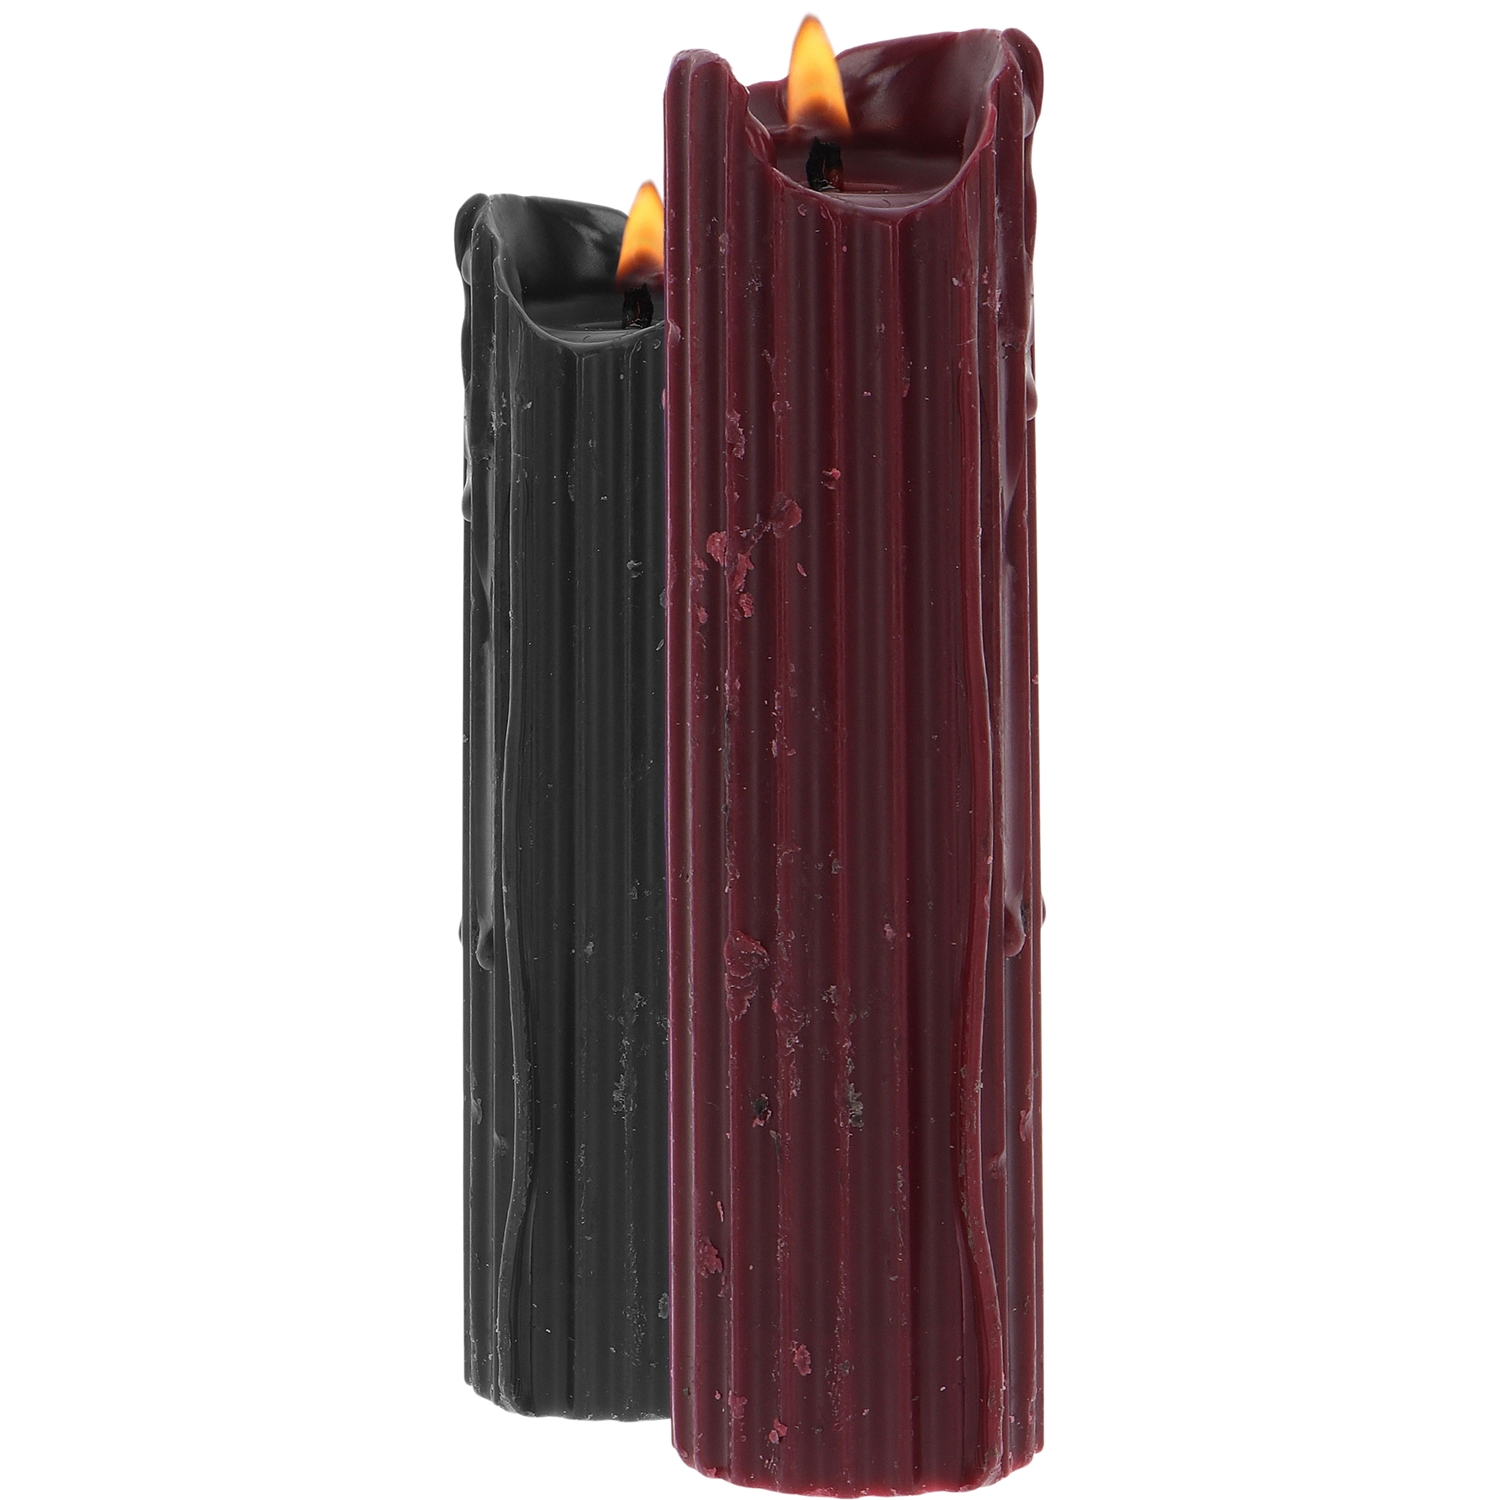 Taboom Taboom BDSM Drip Candles 2 stk - Rød
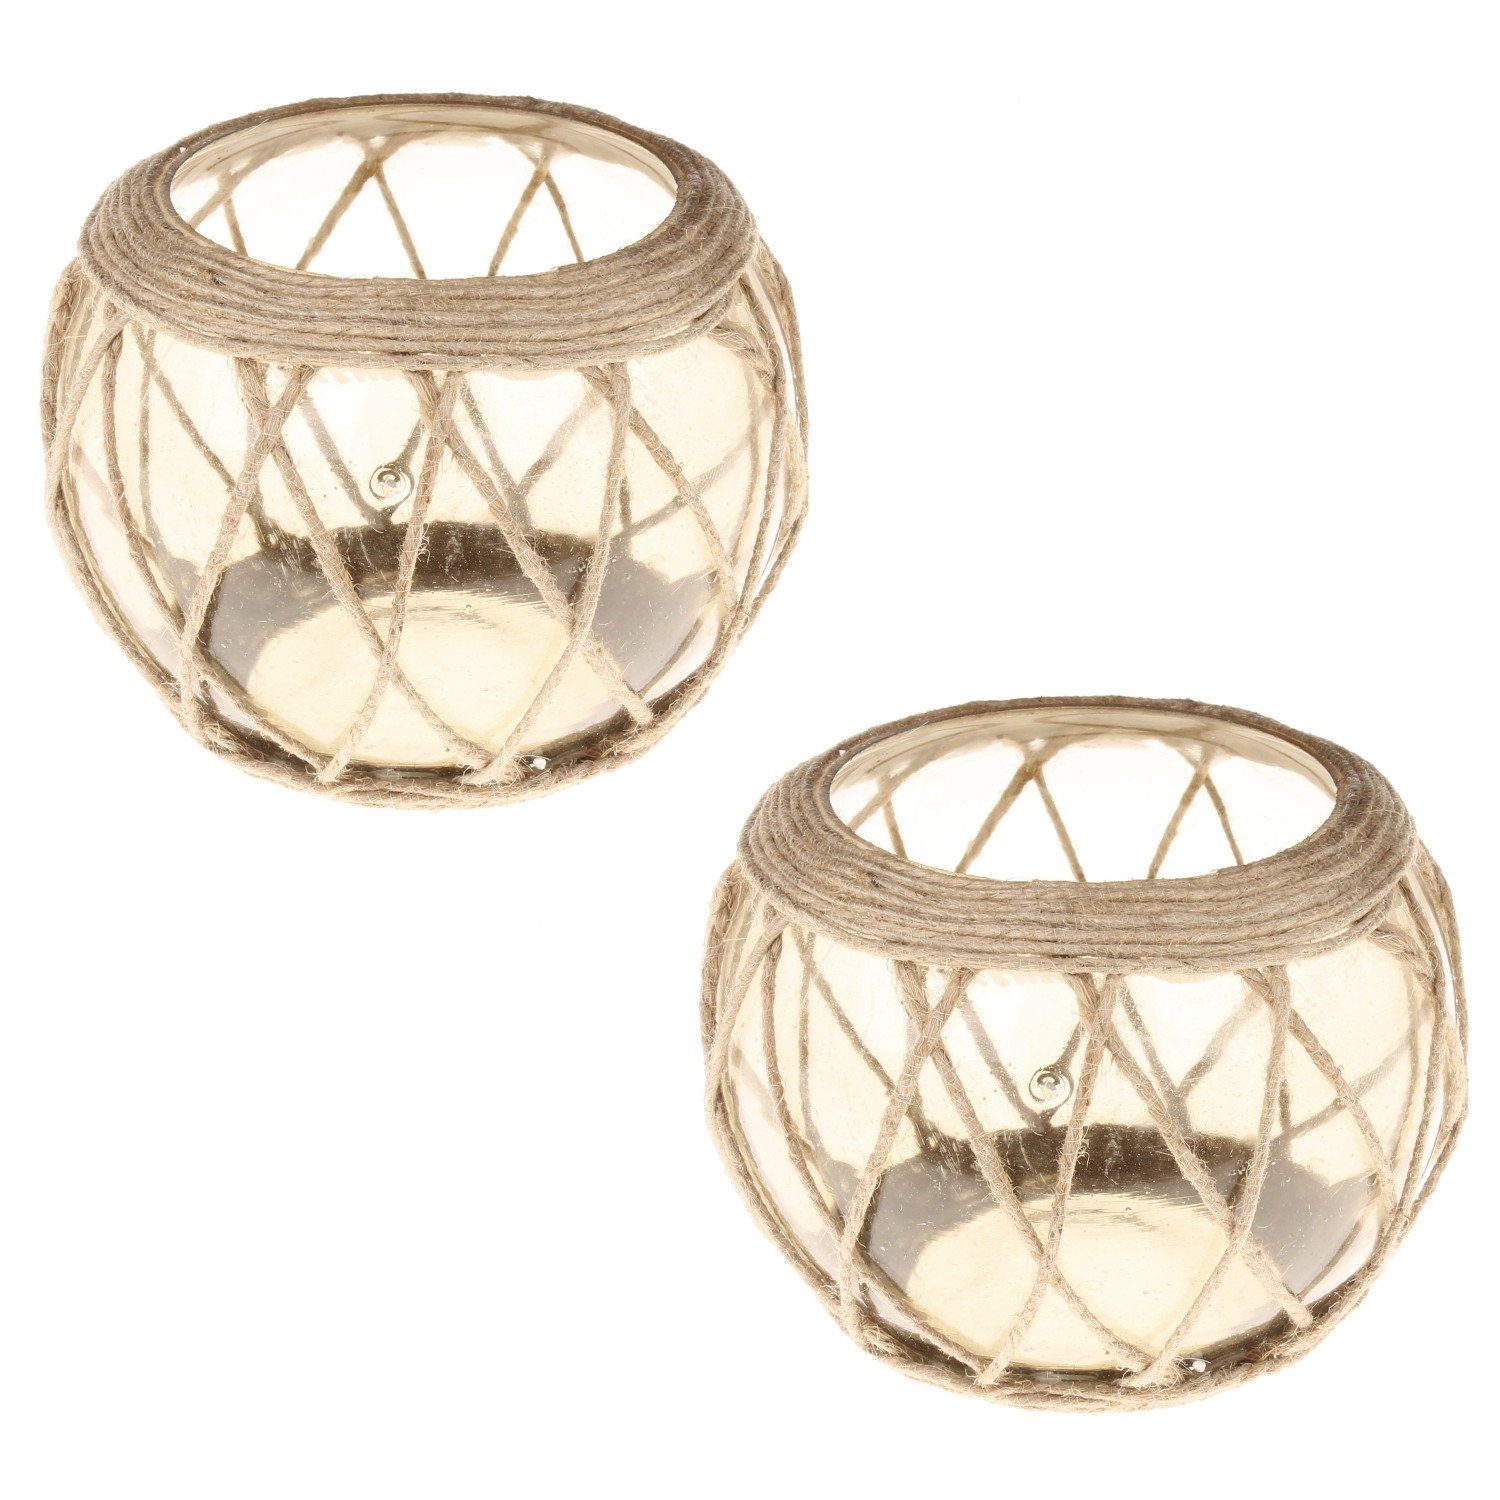 Macosa Design Windlicht Set, (2er Glas Kerzenglas Kerzenhalter Jute Teelichtglas St), Teelichthalter 2 Kerzenständer Home
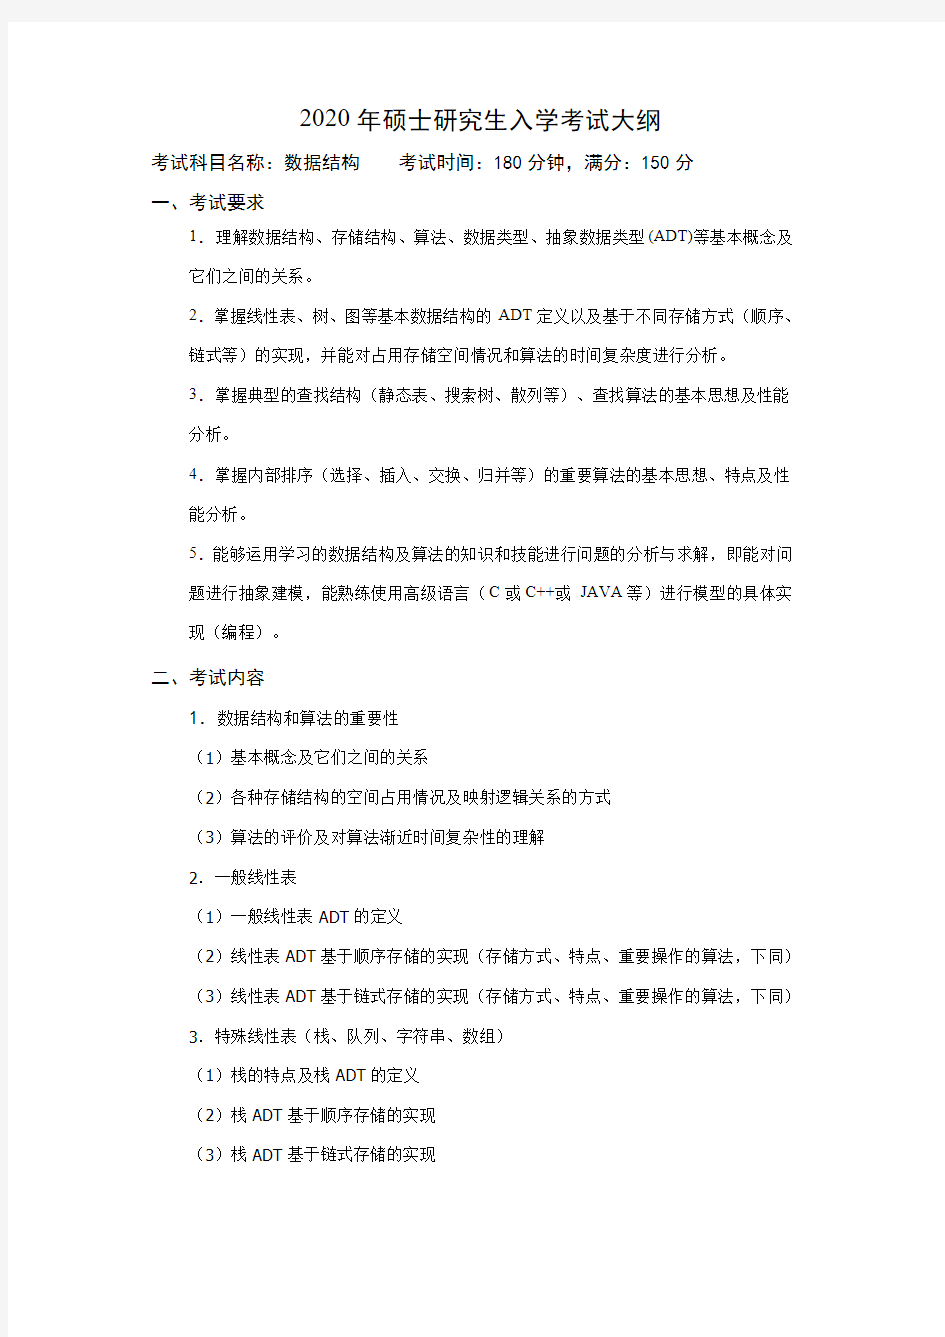 中国石油大学(北京)859数据结构2020年考研专业课初试大纲

# # # # # # #

Give back the material above exactly as written, but omit the images.

 Taboom Taboom BDSM Drip Candles 2 stk - Rød
 Macosa Design Windlicht Set, (2er Glas Kerzenglas Kerzenhalter Jute Teelichtglas St), Teelichthalter 2 Kerzenständer Home
 中国石油大学(北京)859数据结构2020年考研专业课初试大纲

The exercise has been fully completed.